获取所述视频数据集对应的预设去重规则，所述预设去重规则包括去重指标数据；Acquiring a preset deduplication rule corresponding to the video data set, where the preset deduplication rule includes deduplication index data;

筛选出每个视频聚类簇中满足所述去重指标数据的视频进行保留；Screen out the videos that meet the deduplication index data in each video cluster for retention;

将所述M个视频聚类簇中保留的M个视频作为所述去重后的视频数据集。The M videos retained in the M video clusters are used as the deduplicated video data set.

在一个可能的实施例中，在所述特征向量包括64维向量；所述通过感知哈希算法提取所述每帧图像数据的特征向量方面，所述程序中的指令具体用于执行以下操作：In a possible embodiment, where the feature vector includes a 64-dimensional vector; in terms of extracting the feature vector of each frame of image data through a perceptual hash algorithm, the instructions in the program are specifically used to perform the following operations:

将所述每帧图像数据转化为32×32像素的灰度图像数据；Converting the image data of each frame into 32×32 pixel grayscale image data;

通过离散余弦变换对所述灰度图像数据进行处理，得到32×32的系数矩阵；Processing the gray image data by discrete cosine transform to obtain a 32×32 coefficient matrix;

选取每个系数矩阵左上位置8×8区域的64个系数进行量化，得到所述每帧图像数据的64维向量。The 64 coefficients in the 8×8 area at the upper left position of each coefficient matrix are selected for quantization, and the 64-dimensional vector of each frame of image data is obtained.

在一个可能的实施例中，在所述将所述每帧图像数据的特征向量进行级联得到所述每个视频对应的特征序列方面，所述程序中的指令具体用于执行以下操作：In a possible embodiment, in terms of cascading the feature vectors of each frame of image data to obtain the feature sequence corresponding to each video, the instructions in the program are specifically used to perform the following operations:

获取所述每帧图像数据的时间戳；Acquiring the time stamp of each frame of image data;

根据所述时间戳的先后顺序将所述64维向量依次排列，生成所述每个视频对应的特征序列。The 64-dimensional vectors are arranged in sequence according to the sequence of the time stamps to generate the feature sequence corresponding to each video.
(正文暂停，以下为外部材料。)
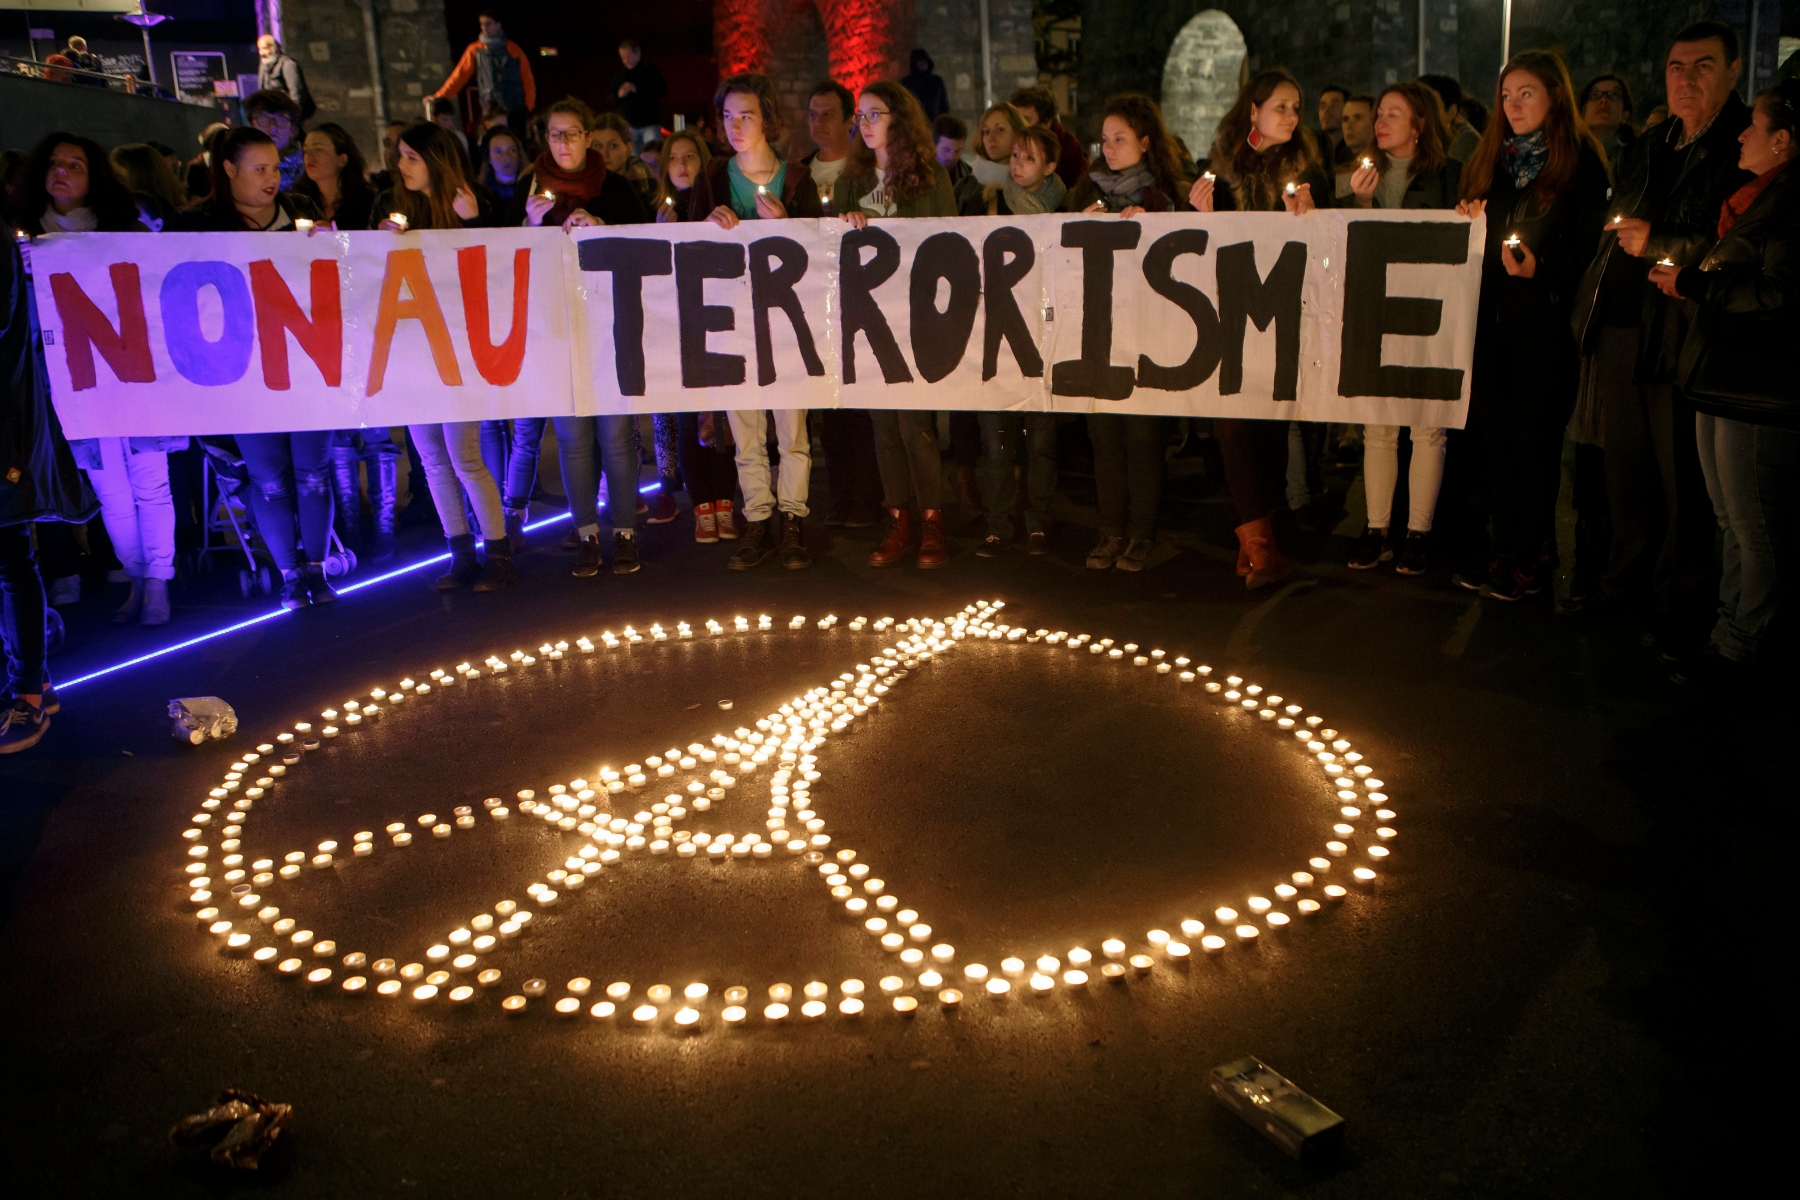 La menace de terrorisme reste bien présente à Genève, surtout avec l'Euro 2016 qui approche en France.
(Photo prise à Lausanne après les attentats de Paris)

上述主要从方法侧执行过程的角度对本申请实施例的方案进行了介绍。可以理解的是，电子设备为了实现上述功能，其包含了执行各个功能相应的硬件结构和/或软件模块。本领域技术人员应该很容易意识到，结合本文中所提供的实施例描述的各示例的单元及算法步骤，本申请能够以硬件或硬件和计算机软件的结合形式来实现。某个功能究竟以硬件还是计算机软件驱动硬件的方式来执行，取决于技术方案的特定应用和设计约束条件。专业技术人员可以对每个特定的应用使用不同方法来实现所描述的功能，但是这种实现不应认为超出本申请的范围。The foregoing mainly introduces the solution of the embodiment of the present application from the perspective of the execution process on the method side. It can be understood that, in order to implement the above-mentioned functions, an electronic device includes hardware structures and/or software modules corresponding to each function. Those skilled in the art should easily realize that in combination with the units and algorithm steps of the examples described in the embodiments provided herein, this application can be implemented in the form of hardware or a combination of hardware and computer software. Whether a certain function is executed by hardware or computer software-driven hardware depends on the specific application and design constraint conditions of the technical solution. Professionals and technicians can use different methods for each specific application to implement the described functions, but such implementation should not be considered beyond the scope of this application.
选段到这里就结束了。